Task: Your answer should be the full data, transcribed exactly, with no pictures in it.

Data block:
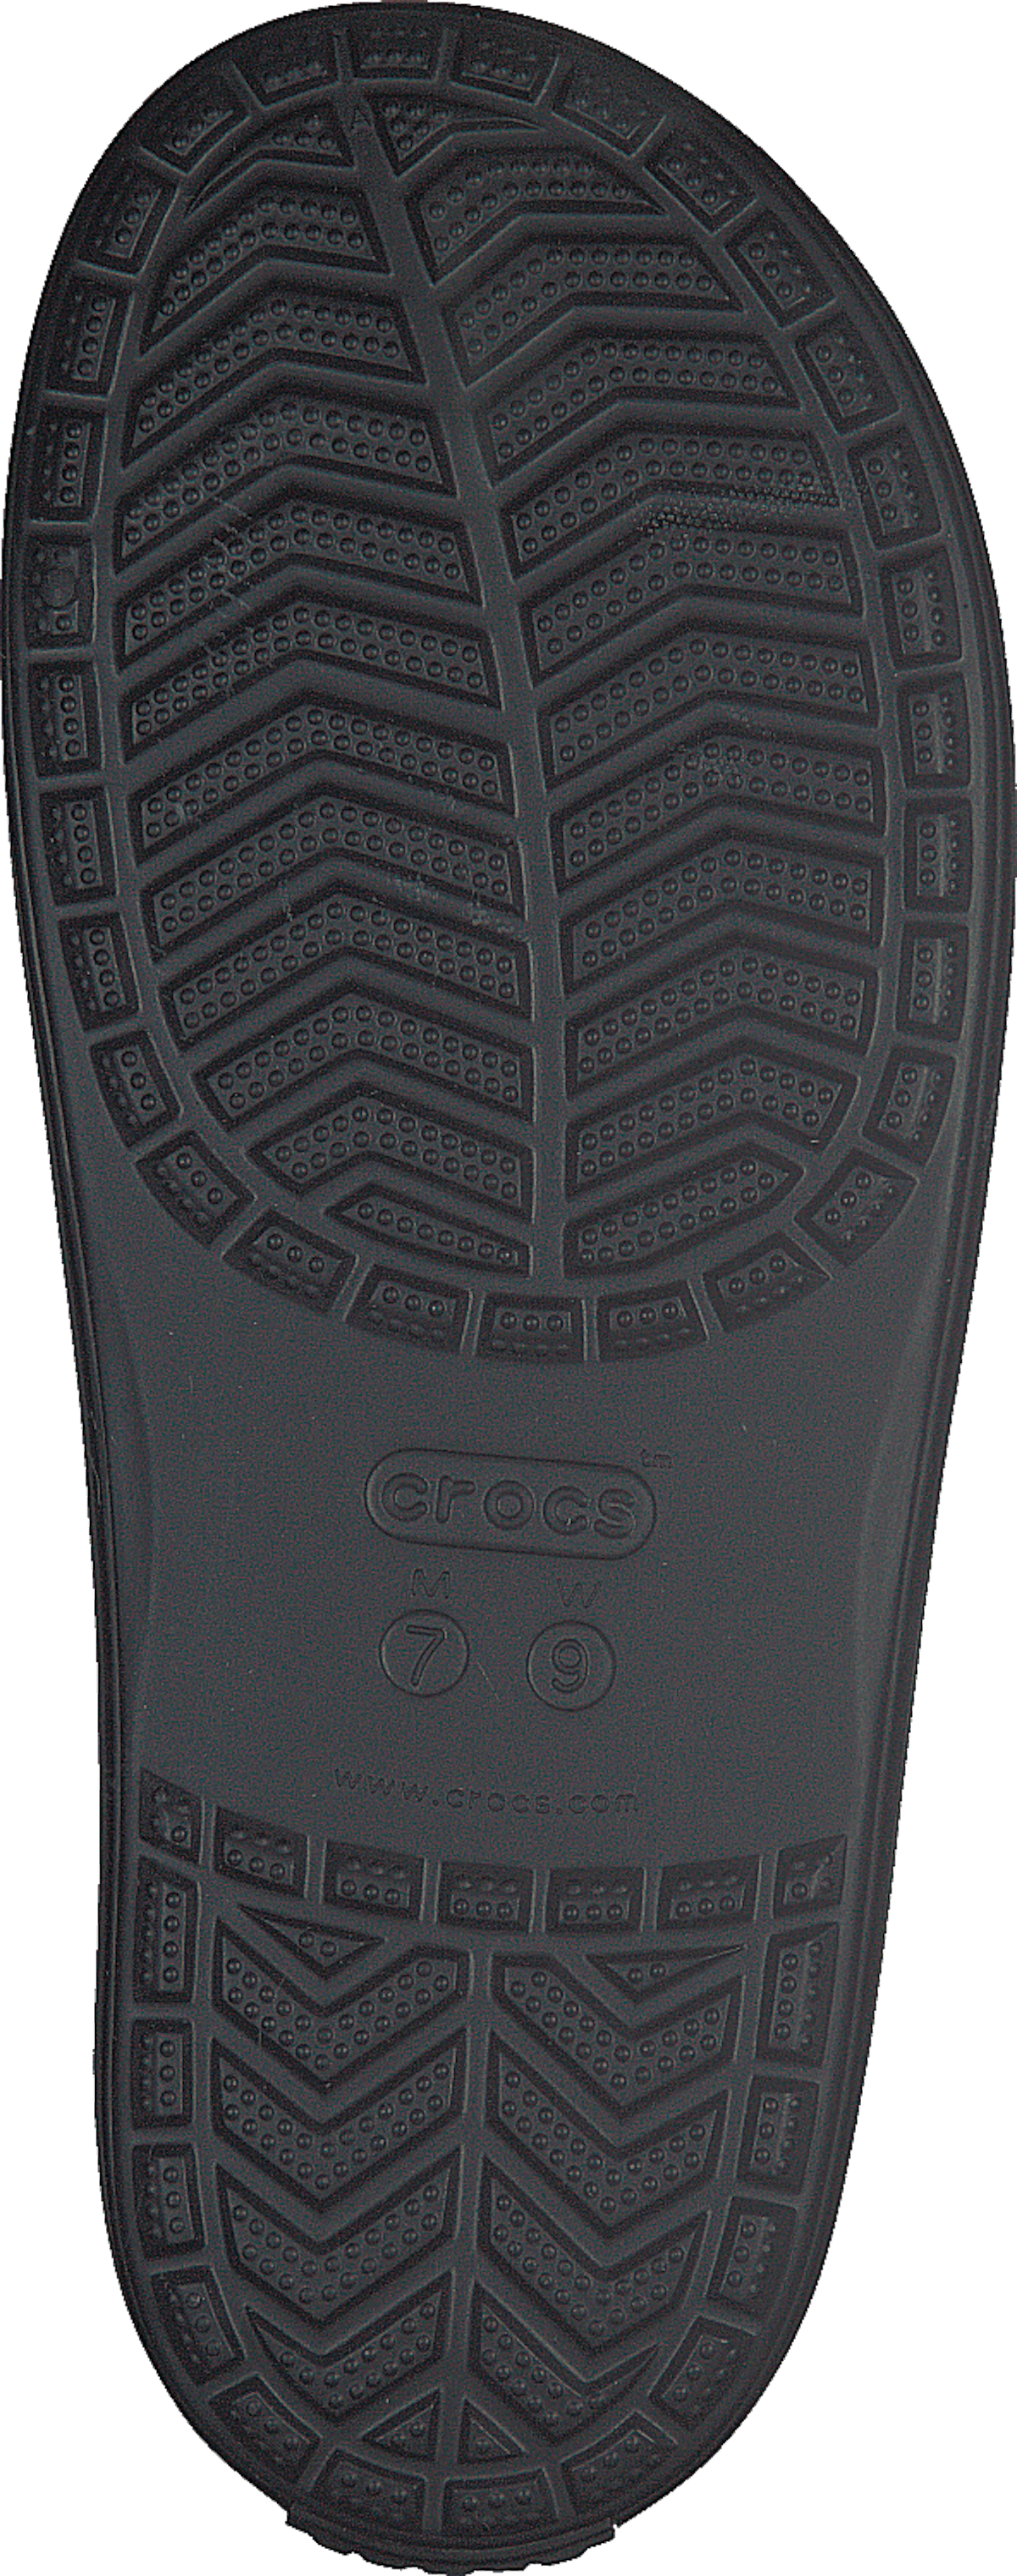 Crocband III Slide Black / Graphite
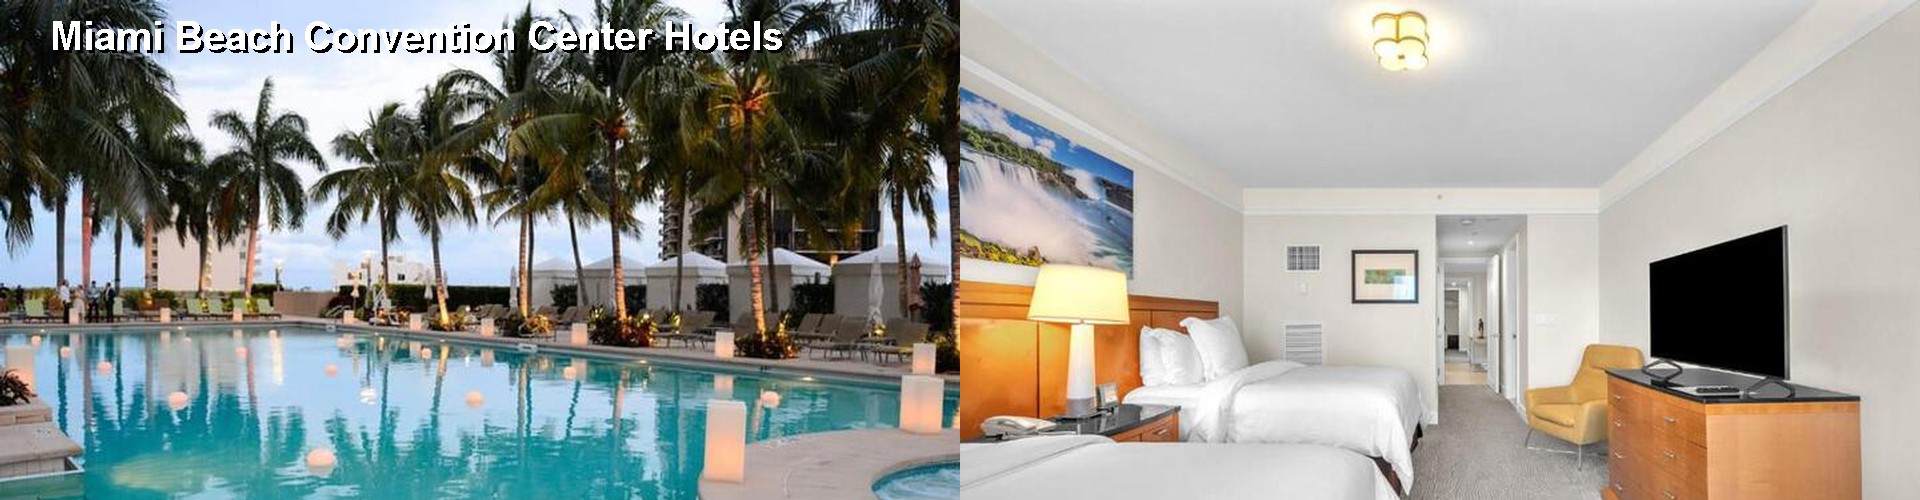 5 Best Hotels near Miami Beach Convention Center
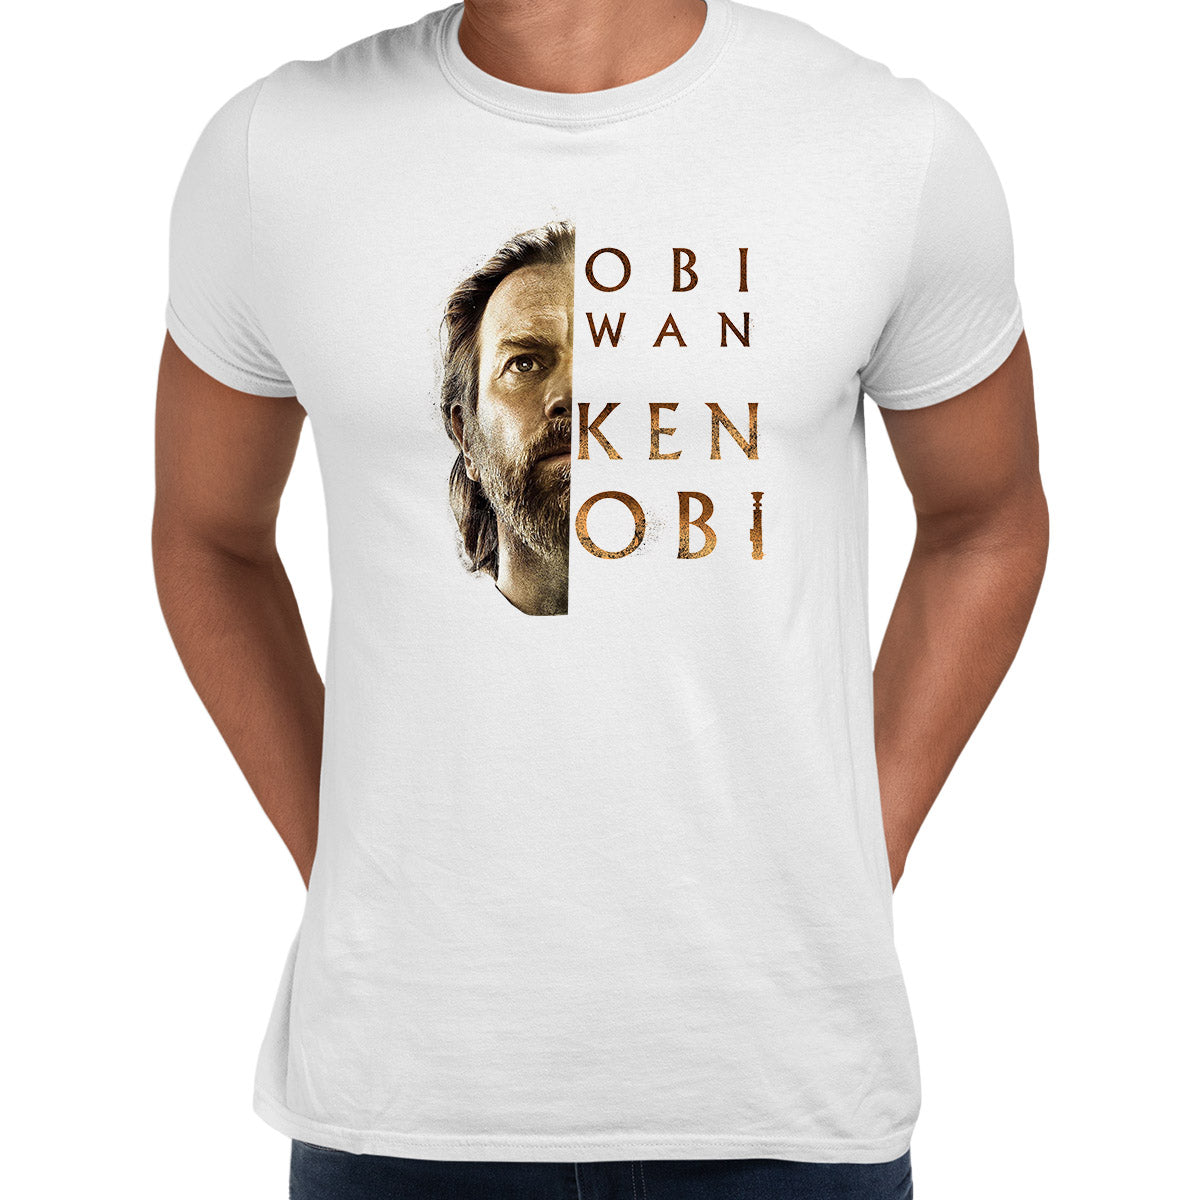 Obi Wan Kenobi T-shirt TV series Star Wars Ewan McGregor - Kuzi Tees

Written answer:
 Crocband III Slide Black / Graphite
 5 Best Hotels near Miami Beach Convention Center
 Obi Wan Kenobi T-shirt TV series Star Wars Ewan McGregor - Kuzi Tees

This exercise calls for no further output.